I’m at seminary at Southwestern Baptist Theological Seminary, Havard Campus in Houston. I spend my day off each week working to study the various languages, and histories, and theologies, and missiologies, and all the other logies you can imagine (hahaha I just said I go to school to study logies). It’s a fun but exhausting experience each week. (I am blessed to be at the Havard Campus, they have FANTASTIC faculty who work there and brilliant pastors who attend there. What follows is in no way a critique of the school. Good? Good.)
As a young seminary student (I’m 30, so I’m no longer the youngest, but still young even though I am often the veteran minister in my class.) I have great conversations about the “church world.” Gregory Boyd, John Piper, Shane Claiborne, N. T. Wright, Mark Driscole, Rob Bell, Voddie Baucham, T.D. Jakes, and the like are constantly set up as examples to build up or tare down.
Now, there is an ease to attacking a celebrity pastor. You don’t have to get to know them, you don’t have to listen to them, and you certainly don’t have to read their books first. You can just assume that they are what you have made them to be in your eyes, or the eyes of the other person from whom you stole your rant. My favorite one to hear people talk about here is the good brother Claiborne. People who claim to have known him will say things like, “that guy talks about living like Jesus, but he is really just self righteous. He is incredibly arrogant!” or “Yeah, I know Shane Claiborne, he’s a nice guy, but he gets a lot wrong.” It’s a bit ridiculous to say things like that, isn’t it? Aren’t you being self-righteous in making the statement? Beside the fact that he is not in the vicinity to defend himself. (The good brother Claiborne is one of the founding members of “the new monasticism, the simple way community in Philadelphia. You can find out more here: www.thesimpleway.org.)
So, I wanted to take a moment to talk about paper tigers…
To be fare, the concept of “paper tiger” is something I learned from my brother while eating lunch. He confessed to setting up one such theologian as his own paper tiger and then proceeded to tear the poor little tiger to pieces. (For the record, while someone may do this occasionally, it does not necessitate them as wrong, it just weakens their argument.) In further fairness, I set up a lot of paper tigers myself. I’m trying to do less of that.
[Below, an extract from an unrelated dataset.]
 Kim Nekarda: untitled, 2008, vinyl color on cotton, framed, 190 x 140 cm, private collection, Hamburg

To define a paper tiger: A paper tiger is someone who is in a seemingly exalted position who is well known, unable to defend themselves against you (often because of your obscurity), and who your listeners often don’t know personally.
So, if you want to make a paper tiger you need a few things. One: a theologian/celebrity pastor who is well known but not personally known by your hearers. Two: a point of view that makes this theologian/celebrity pastor seem frightening and maybe like a three headed monster. Three: a few quipy cynical remarks that alleviate tension. Finally: You’ll need a seemingly solid argument, presented against a loose explanation of the scary paper tiger! Throw in there exclamatory statements like, “Really!?” and “That’s just goofy!” for emphasis and humor. It’s also helpful if you can rip quotations out of context to prove your point. (The more ambiguous the quote, the smarter you’ll sound.)
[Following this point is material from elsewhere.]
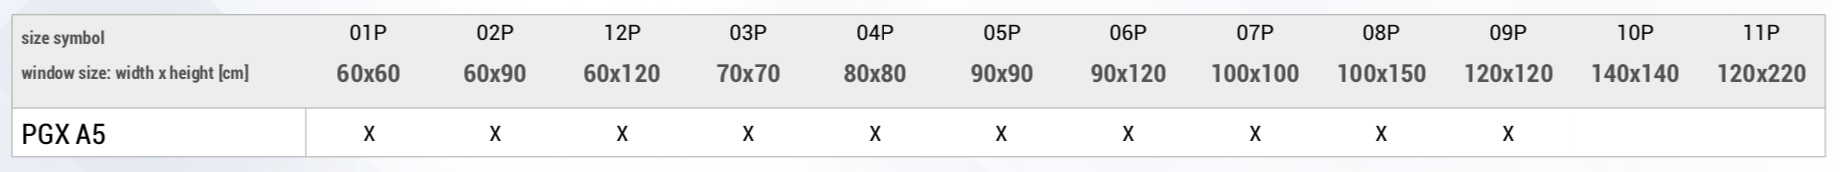 Beschikbare maten platdakraam Intura PGX A5 beloopbaar glas

All in all, paper tigers are horrible ways to prove a point. While they make you look and sound smarter than everyone else, one day you’ll have what happened to my good friend at school who shall remain nameless.
My friend had masterfully set up his paper tiger in perfect rhetorical style. He spoke with such majestic ambiguity that everyone was trembling in fear of this particular theologian, each one of us trying to imagine how we could defeat the tiger. My friend made a mistake when he climaxed his argument by using a quote out of context. I noticed a young man pull out his cell phone and walk away from the conversation for a moment. A few minutes later he came back he quietly ushered my triumphant friend, who was in the midst of receiving the accolades due a man for killing a tiger, off to the side and handed him the phone. Honestly, how could he have known that one of the guys he was ranting to knew this pastor/theologian personally and would subsequently pull out his cell phone to verify the rant. Never mind the likelihood that this young defender of the tiger would, in the kindest manner possible, offer to let the young ranter have an opportunity to talk to the real tiger on the phone!? I watched my friend squirm and respectfully apologize for not understanding. All in all, it was about 20 minutes of awkward, “uh… well… yes sir… no I didn’t mean it like that… Oh, I hadn’t understood it that way… etc…”
Moral of the story, don’t set up paper tigers, it’s just not smart. Someday the real tiger might bite you.